Arrivée : Camille Monmège-Geneste

Camille Monmège débute une thèse de sociologie dirigée par Françoise Liot intitulée : La médiation culturelle à l'épreuve des droits culturels et des droits de l'enfant : recompositions esthétiques, redéfinitions professionnelles et reconfigurations politiques

Je m'appelle Camille Monmège-Geneste, je suis doctorante en sociologie au Centre Émile Durkheim, sous la direction de Françoise Liot. Je mène cette thèse en parallèle de mon activité professionnelle : je dirige le labo des cultures, une structure que j'ai fondée en 2019, conçue autour de la volonté de faciliter les interactions entre les arts et les personnes, de renouveler les approches classiques et les supports traditionnels de la médiation et d’expérimenter de nouvelles pratiques. J'enseigne aussi en école supérieure et à l’université (à Bordeaux et Perpignan notamment). C'est donc une position un peu particulière, celle de praticienne-chercheuse.

Je viens à la fois du théâtre (par la pratique artistique et les études : une Licence en Arts du Spectacle) et de l’animation (comme animatrice en maison de quartier, centre sociaux, centre de loisirs…). J’ai au fil de mes expériences croisé ces deux dimensions en découvrant et en me formant à la médiation culturelle. Après un Master en Ingénierie de Projets Culturels et Interculturels, j'ai travaillé dans une maison d’écrivain, pour des festivals jeune public, à la direction de la culture de Pessac, puis pendant six ans au Théâtre national de Bordeaux en Aquitaine, où j'étais chargée des relations avec les publics. Enfin, j’ai fondé il y a sept ans le labo des cultures.

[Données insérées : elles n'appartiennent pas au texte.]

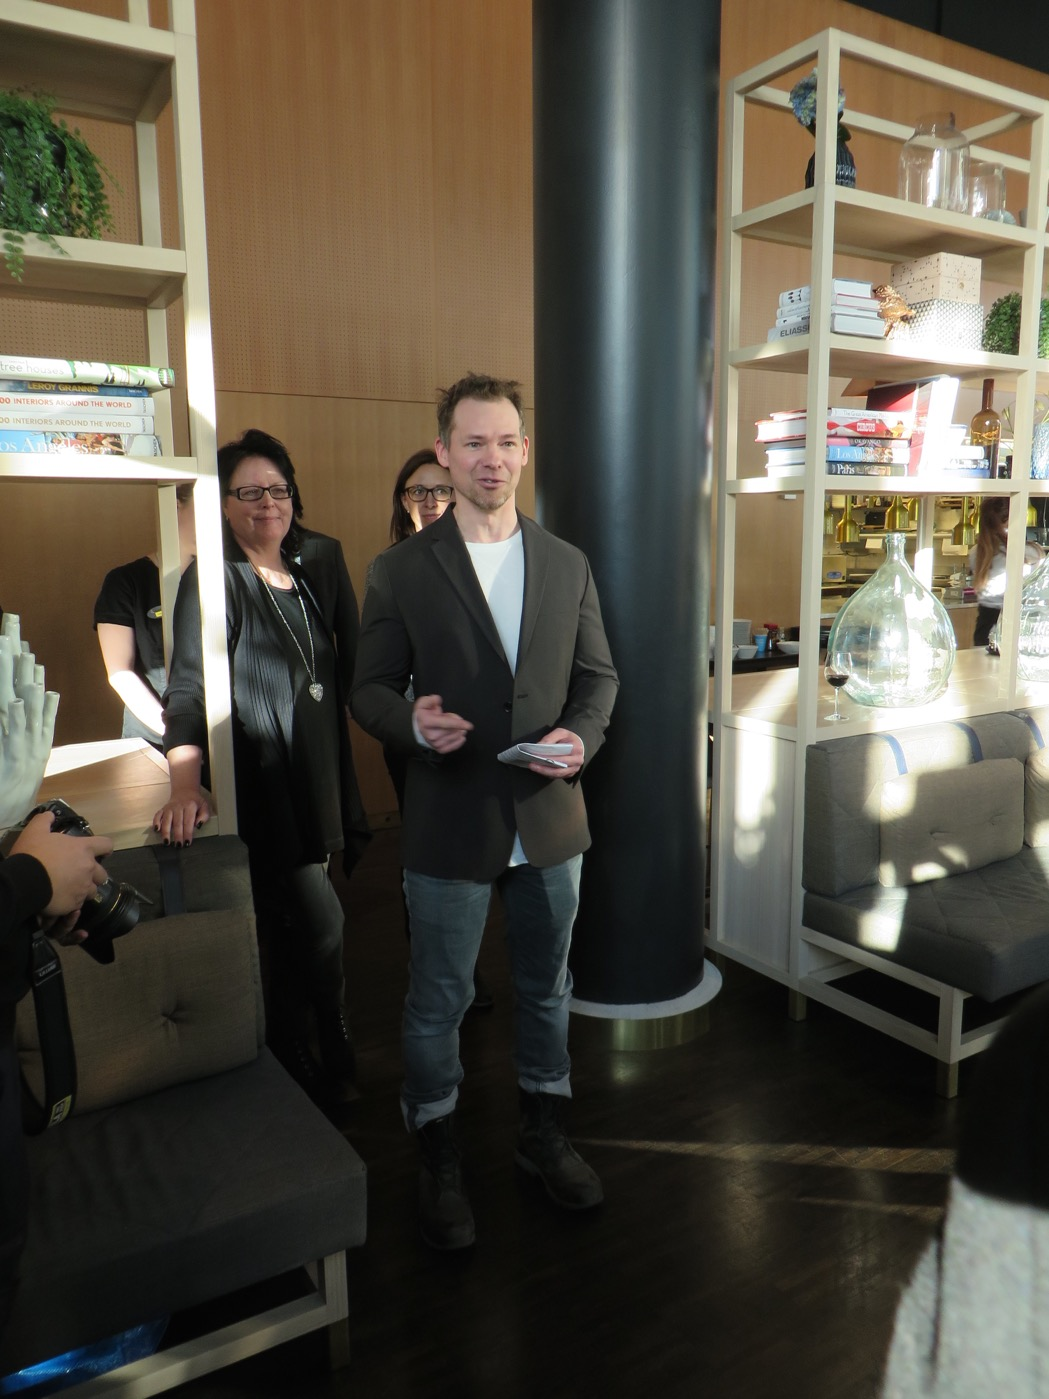 Arrangör Daniel Golabiewski för Glassfestivalen

Le passage à la recherche ne s'est pas fait par rupture. Il s'est plutôt imposé progressivement. J’y songeais déjà à la sortie de mon mémoire il y a quinze ans. Le fait d’intervenir en tant que professionnelle associée à des filières d’enseignement supérieur m’a permis d’entretenir une veille scientifique, de ne jamais cesser les allers-retours entre théorie et pratique. La création du labo des cultures m’a permis d’investir pleinement des recherches-actions, de collaborer avec des chercheurs, de témoigner et d’écrire sur ma pratique. Début 2026, j’ai voulu donner un cadre plus grand à ces engagements en me lançant plus intensément dans la recherche à travers le démarrage d’une thèse sur les sujets qui m’animent depuis toutes ces années.

Elle s'intitule (provisoirement) La médiation culturelle à l'épreuve des droits culturels et des droits de l'enfant : recompositions esthétiques, redéfinitions professionnelles et reconfigurations politiques. La question de départ est simple : que modifient ces deux références (les droits culturels et les droits de l'enfant) dans les pratiques de médiation culturelle aujourd'hui ? Mon hypothèse est qu'elles viennent mettre en tension et transformer trois dimensions de la médiation culturelle : esthétique, en déplaçant la frontière entre « l'œuvre » et les « dispositifs de médiation » ; professionnelle, en redéfinissant le métier de médiateur (postures, pratiques, ...) ; et politique, en faisant de l'enfant non plus un public mais un sujet acteur de la vie culturelle.